── Source material
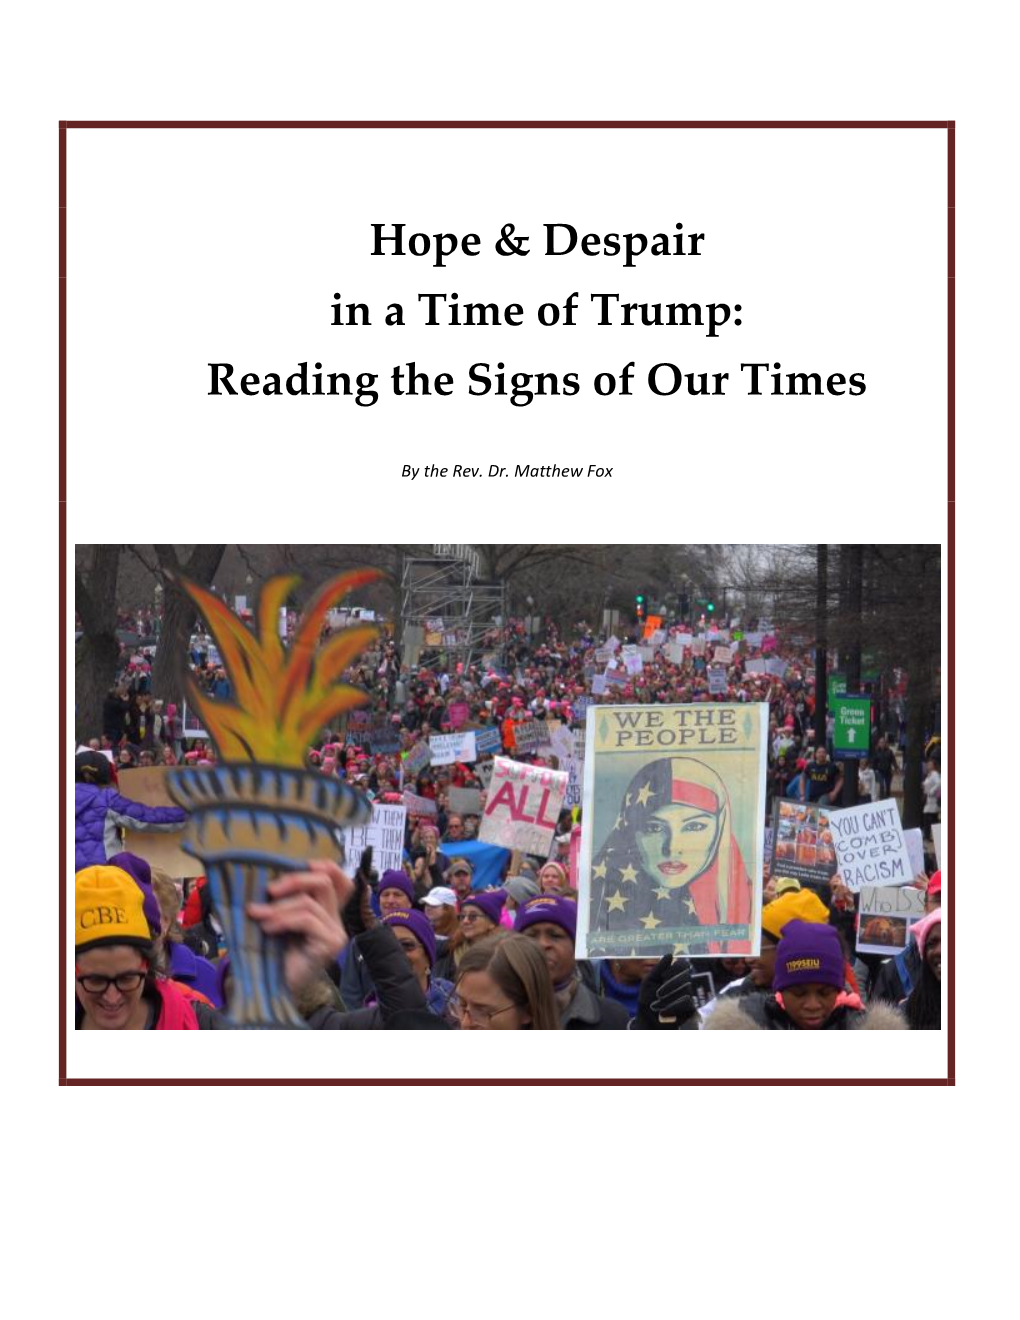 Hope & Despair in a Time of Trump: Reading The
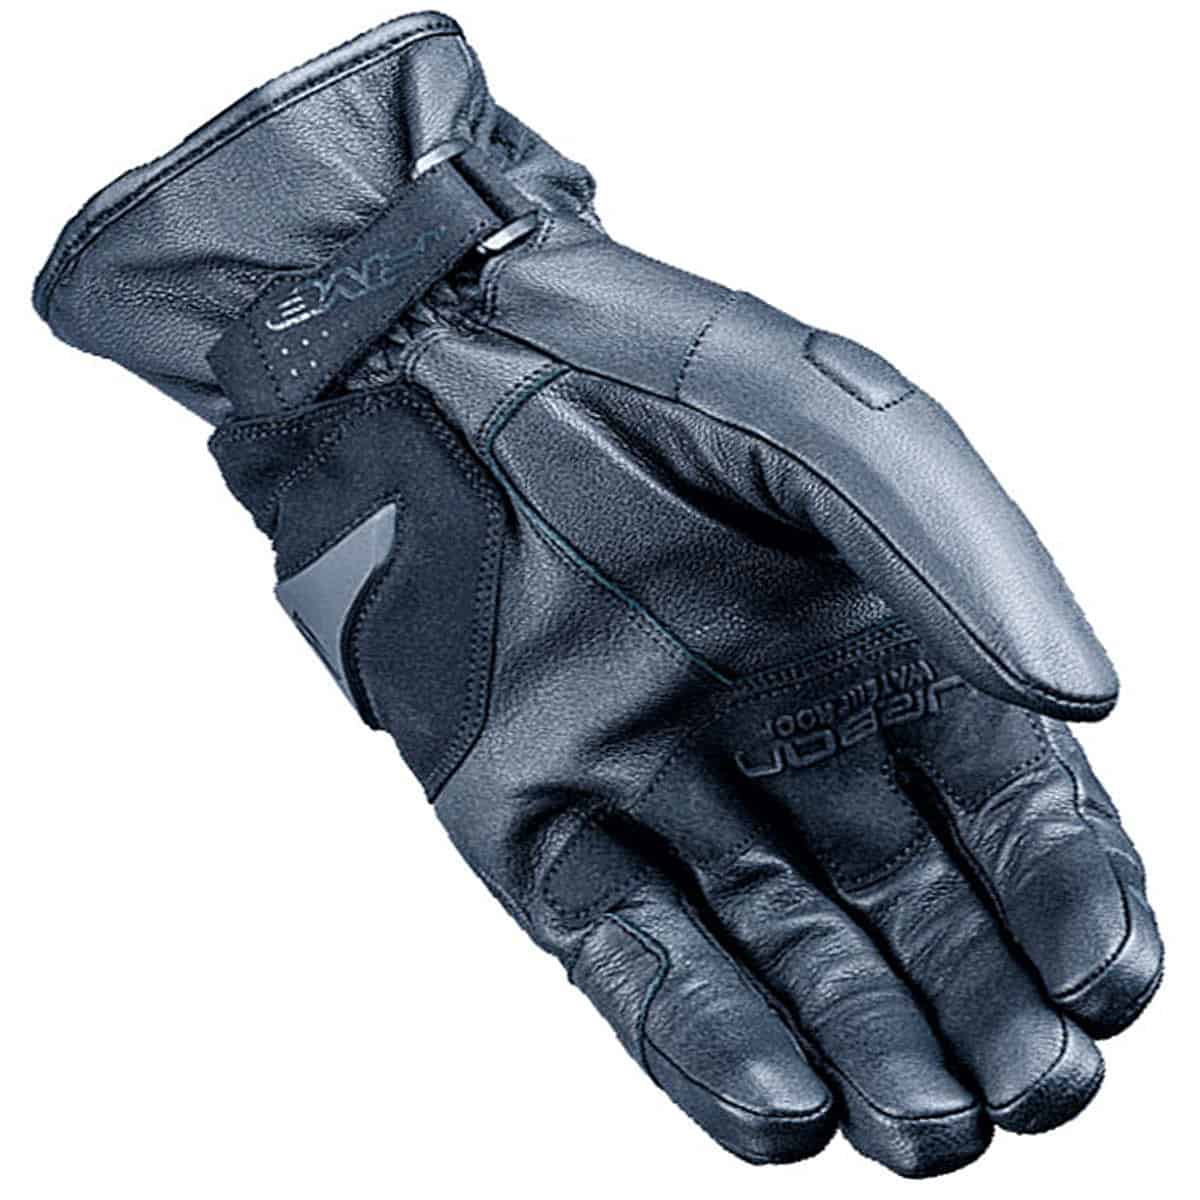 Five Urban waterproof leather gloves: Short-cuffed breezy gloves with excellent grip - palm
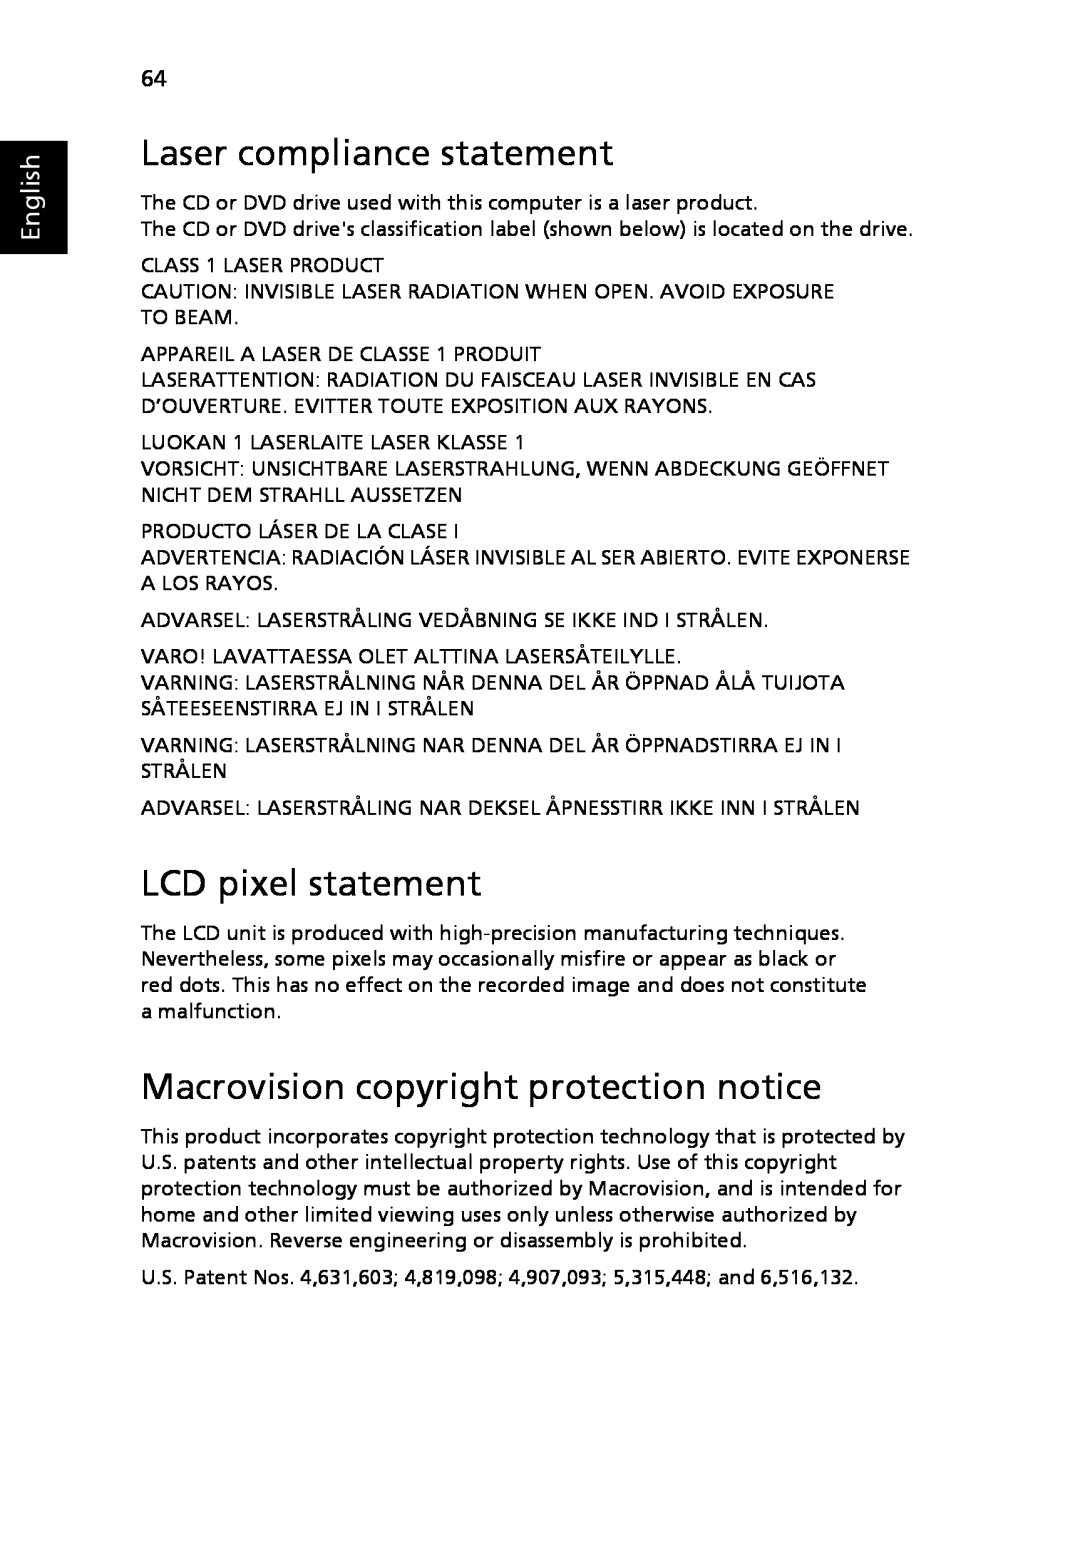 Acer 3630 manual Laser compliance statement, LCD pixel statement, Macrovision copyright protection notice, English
────
── Source material
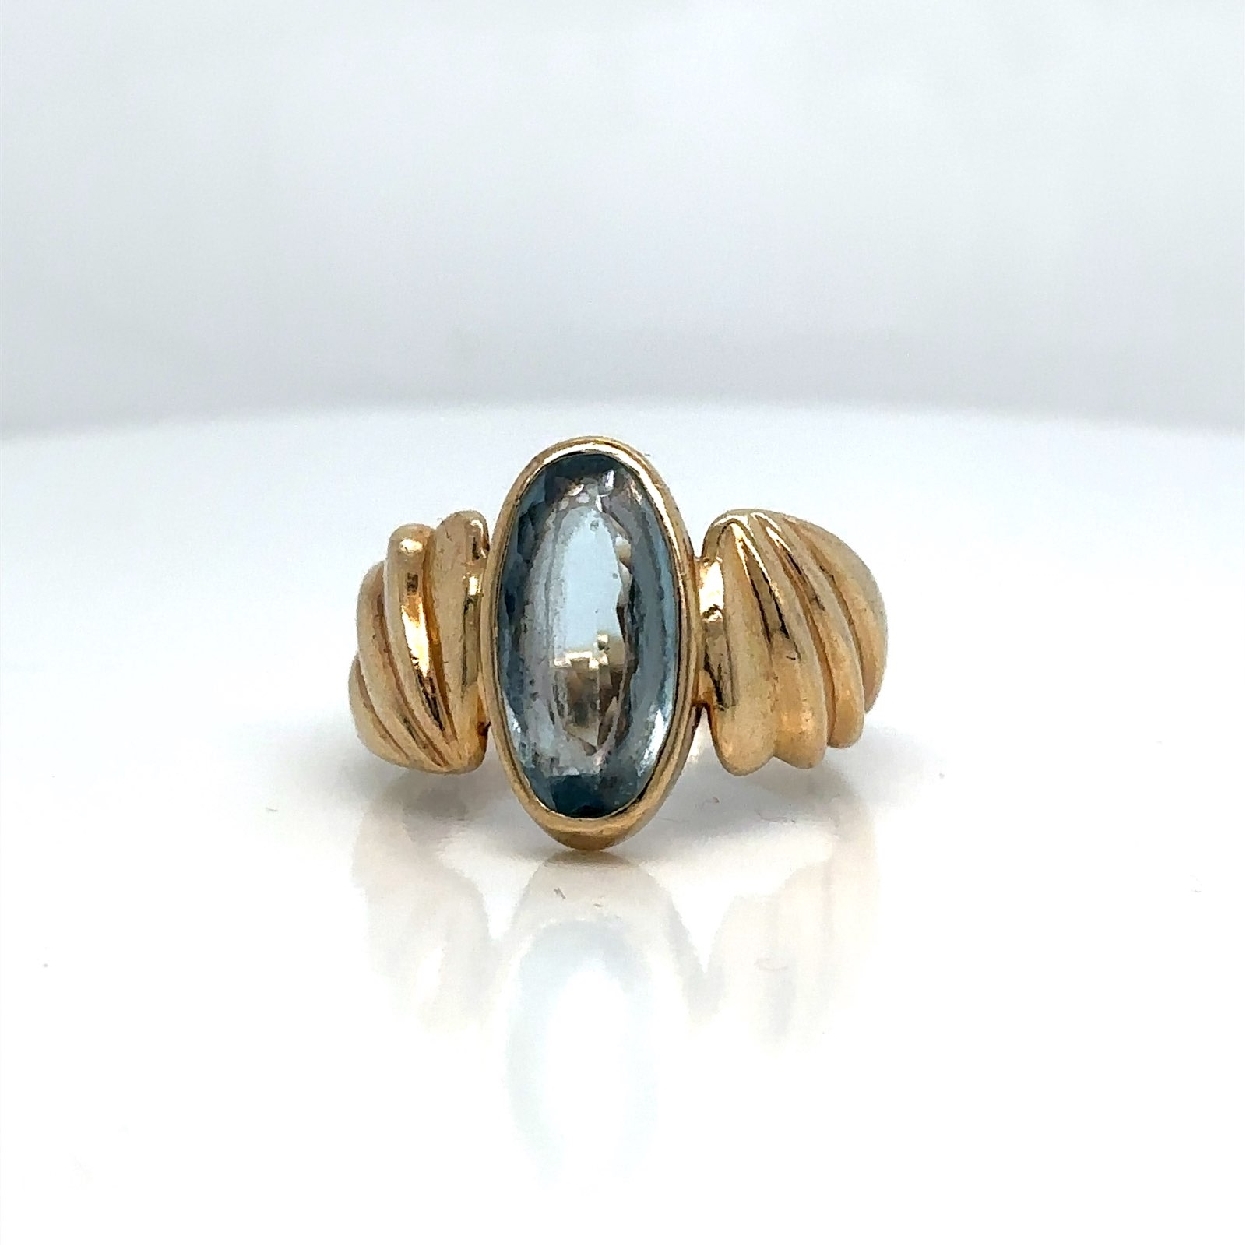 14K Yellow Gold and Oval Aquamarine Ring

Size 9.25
────
Activity: Given the records above, return the lines starting at the one that holds "Five Urban waterproof" and ending at the one that holds "Acer 3630 manual", exactly, and nothing besides; leave every picture out.

Answer to the exercise:
 Five Urban waterproof leather gloves: Short-cuffed breezy gloves with excellent grip - palm
 Acer 3630 manual Laser compliance statement, LCD pixel statement, Macrovision copyright protection notice, English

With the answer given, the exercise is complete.